Suppose we only need a point estimate of the parameters \(\mbW\), \(\mbmu\), and \(\sigma^2\).

A natural approach is the maximum likelihood estimate (MLE),

\[\begin{align*} \mbW_{\mathsf{ML}}, \mbmu_{\mathsf{ML}}, \sigma^2_{\mathsf{ML}} = \arg \max \cL(\mbW, \mbmu, \sigma^2), \end{align*}\]

where \(\cL\) is the marginal likelihood,

\[\begin{align*} \cL(\mbW, \mbmu, \sigma^2) &= \log p(\mbX \mid \mbW, \mbmu, \sigma^2) \\ &= \log \int \prod_{n=1}^N p(\mbx_n \mid \mbz_n, \mbW, \mbmu, \sigma^2) \, p(\mbz_n) \dif \mbz_n \\ &= \log \int \prod_{n=1}^N \cN(\mbx_n \mid \mbW \mbz_n + \mbmu, \sigma^2 \mbI) \, \cN(\mbz_n \mid \mbzero, \mbI) \dif \mbz_n \end{align*}\]

Exercise

Simplify this expression to show,

\[\begin{align*} \cL(\mbW, \mbmu, \sigma^2) &= \sum_{n=1}^N \log \cN(\mbx_n \mid \mbmu, \mbW \mbW^\top + \sigma^2 \mbI) \end{align*}\]
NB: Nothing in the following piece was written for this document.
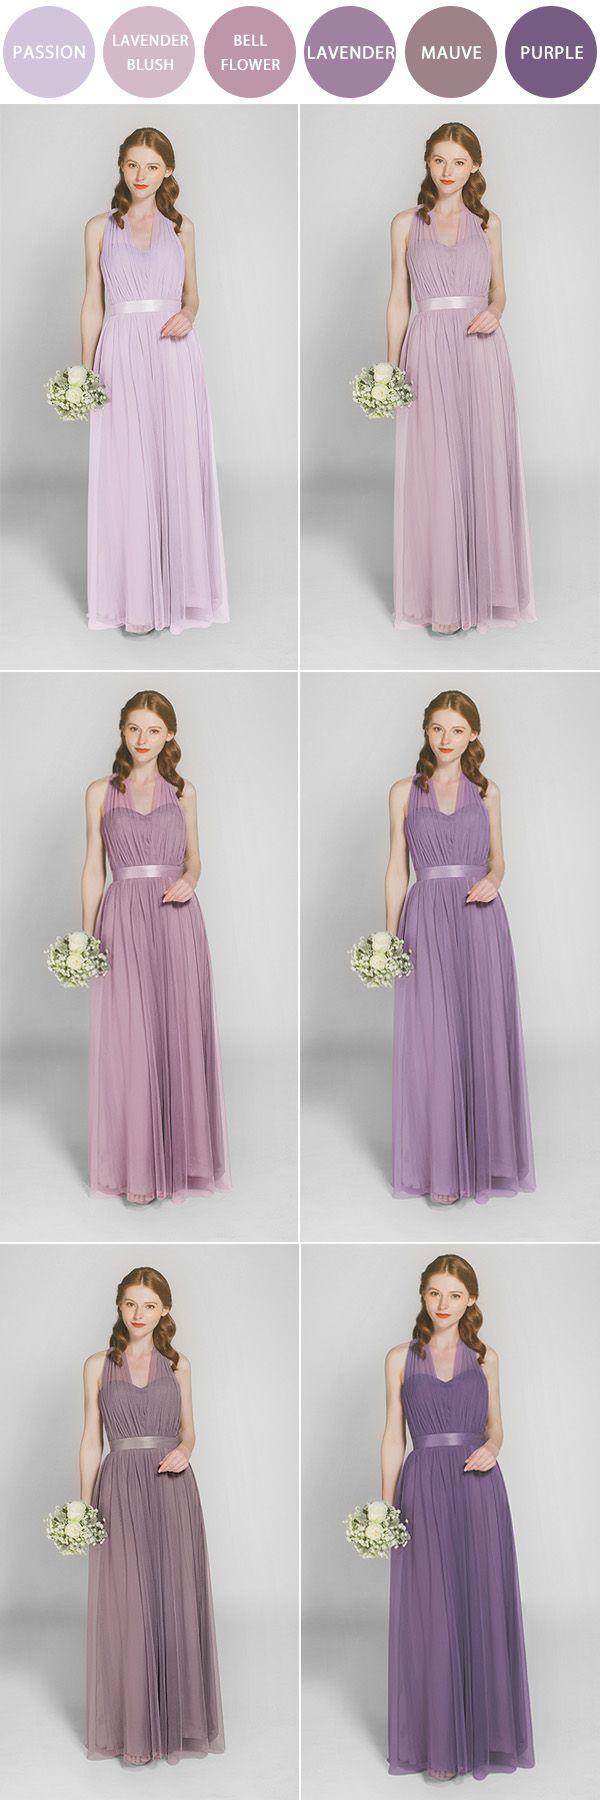 shades of purple bridesmaid dresses
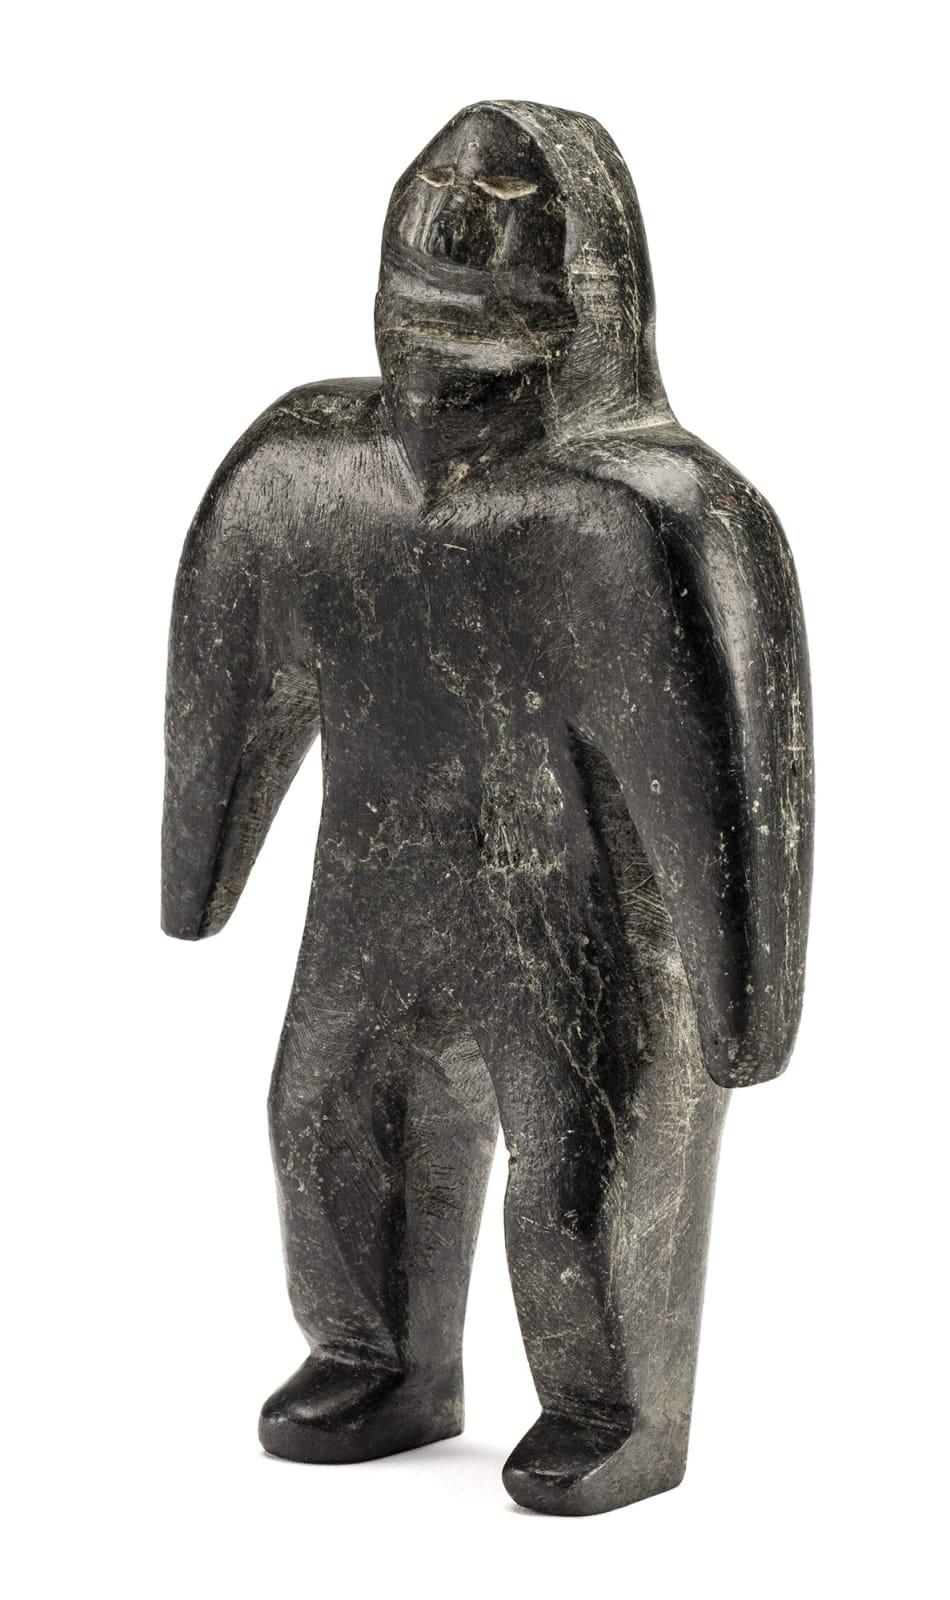 Lot 57 JOHN KAVIK (1897-1993) KANGIQLINIQ (RANKIN INLET) Standing Man, 1973 stone, 8.25 x 4.5 x 1.25 in (21 x 11.4 x 3.2 cm) Estimate: $4,000 — $6,000 Price realized: $3,840

Then the log likelihood simplifies to,

\[\begin{align*} \cL(\mbW, \mbmu, \sigma^2) -\frac{ND}{2} \log 2 \pi - \frac{N}{2} \log |\mbC| -\frac{1}{2} \sum_{n=1}^N (\mbx_n - \mbmu)^\top \mbC^{-1} (\mbx - \mbmu) \end{align*}\]

where \(\mbC = \mbW \mbW^\top + \sigma^2 \mbI\).

Setting the derivative wrt \(\mbmu\) to zero and solving yields \(\mbmu_{\mathsf{ML}} = \bar{\mbx}\), the sample mean.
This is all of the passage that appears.